I'm trying to create a color bar with 13 levels and use a diverging RdBu_r colormap with the central value spaced at 0. Currently, I have an evenly spaced colorbar with values descending by 8 ranging from -48 to +48
What I would like to make is a colorbar with even colored spacing, but unevenly spaced values, like this colorbar which I modified in photoshop, such that the values go from [-96.0, -72, -48, -24, -12, -6, 0, 6, 12, 24, 48, 72, 96]
My current attempt looks like this:
from cartopy import crs as ccrs; import matplotlib.pyplot as plt
crs_new = ccrs.PlateCarree()
fig, axs = plt.subplots(subplot_kw={'projection': crs_new},figsize=(8, 6))
cmap = 'RdBu_r'
uneven_levels = [-96.0, -72, -48, -24, -12, -6, 0, 6, 12, 24, 48, 72, 96]
vmin,vmax = -48,48
cs=plt.pcolormesh(lon,lat, data,cmap=cmap, transform=crs_new,vmin=vmin,vmax=vmax)
cbar=plt.colorbar(cs,boundaries= uneven_levels)
Which results in a colorbar with really dark ends and clearly uses linearly spaced coloring.
Using countourf and "spacing = uniform" did not work.
Using "colors.DivergingNorm(vmin=vmin, vcenter=0, vmax=vmax)" did not work.
I've tried to define my own color bar with
cmap = plt.get_cmap('RdBu_r')
colors = cmap(np.linspace(0, 1, len(uneven_levels)))
but have no idea to get the data to match up with these levels, results in the same thing as figure 3, so this also did not work.
Any help is greatly appreciated! :)
The reason there are a lot of dark colors is vmin, vmax = -48, 48
which forces all values below -48
to the darkest blue, and all values above 48
to the darkest red.
To obtain a similar effect as contourf
, matplotlib's from_levels_and_colors
could be helpful. This generates a colormap with 12 colors, and a norm. The norm is a function that converts values between -96 and 96 to values for the colormap, as defined by the levels.
Here is some example code:
import numpy as np
import seaborn as sns
from matplotlib import pyplot as plt
import matplotlib.colors as mcolors
x = np.linspace(0, 3 * np.pi, 500)
data = np.sin(x - x[:, np.newaxis] * 2) * 95
uneven_levels = [-96, -72, -48, -24, -12, -6, 0, 6, 12, 24, 48, 72, 96]
cmap_rb = plt.get_cmap('RdBu_r')
colors = cmap_rb(np.linspace(0, 1, len(uneven_levels) - 1))

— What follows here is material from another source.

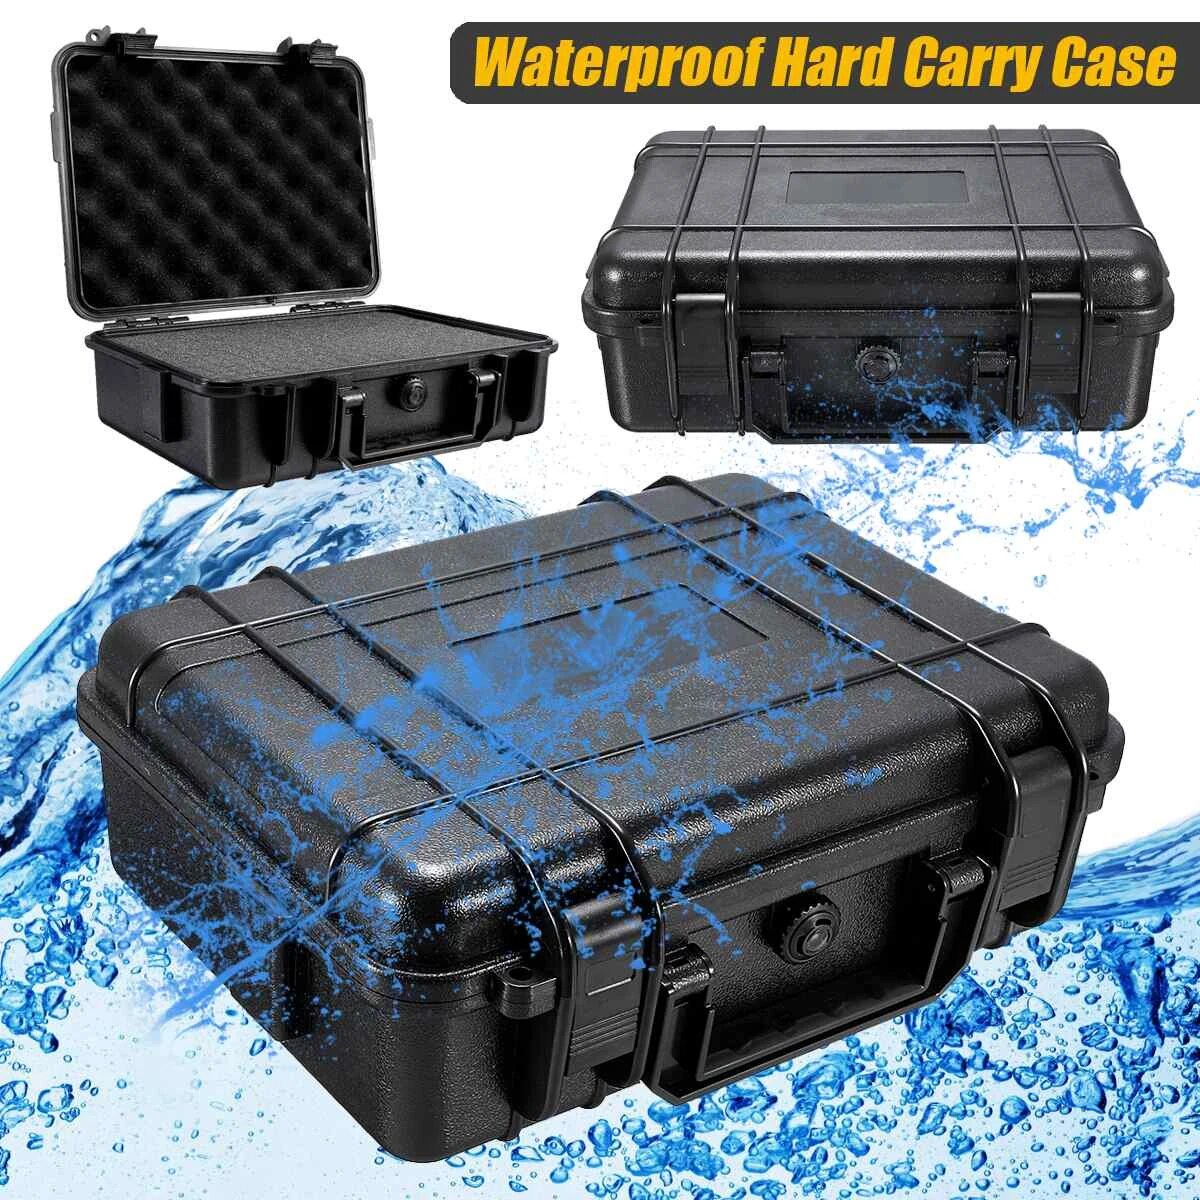 7 Sizes Waterproof Hard Carry Case Bag Tool Kits with Sponge Storage Box Safety Protector Organizer Hardware Toolbox

cmap, norm = mcolors.from_levels_and_colors(uneven_levels, colors)
fig, axs = plt.subplots(ncols=2, figsize=(8, 6))
v = np.linspace(-96, 96, 1000)
axs[0].plot(v, norm(v))
cs = axs[1].pcolormesh(data, cmap=cmap, norm=norm)
cbar = fig.colorbar(cs, ticks=uneven_levels)
plt.show()
The image on the left shows how the boundary norm maps values between -96 and 96 to their respective color in a nonlinear fashion. The image on the right show the a colorbar with the boundaries.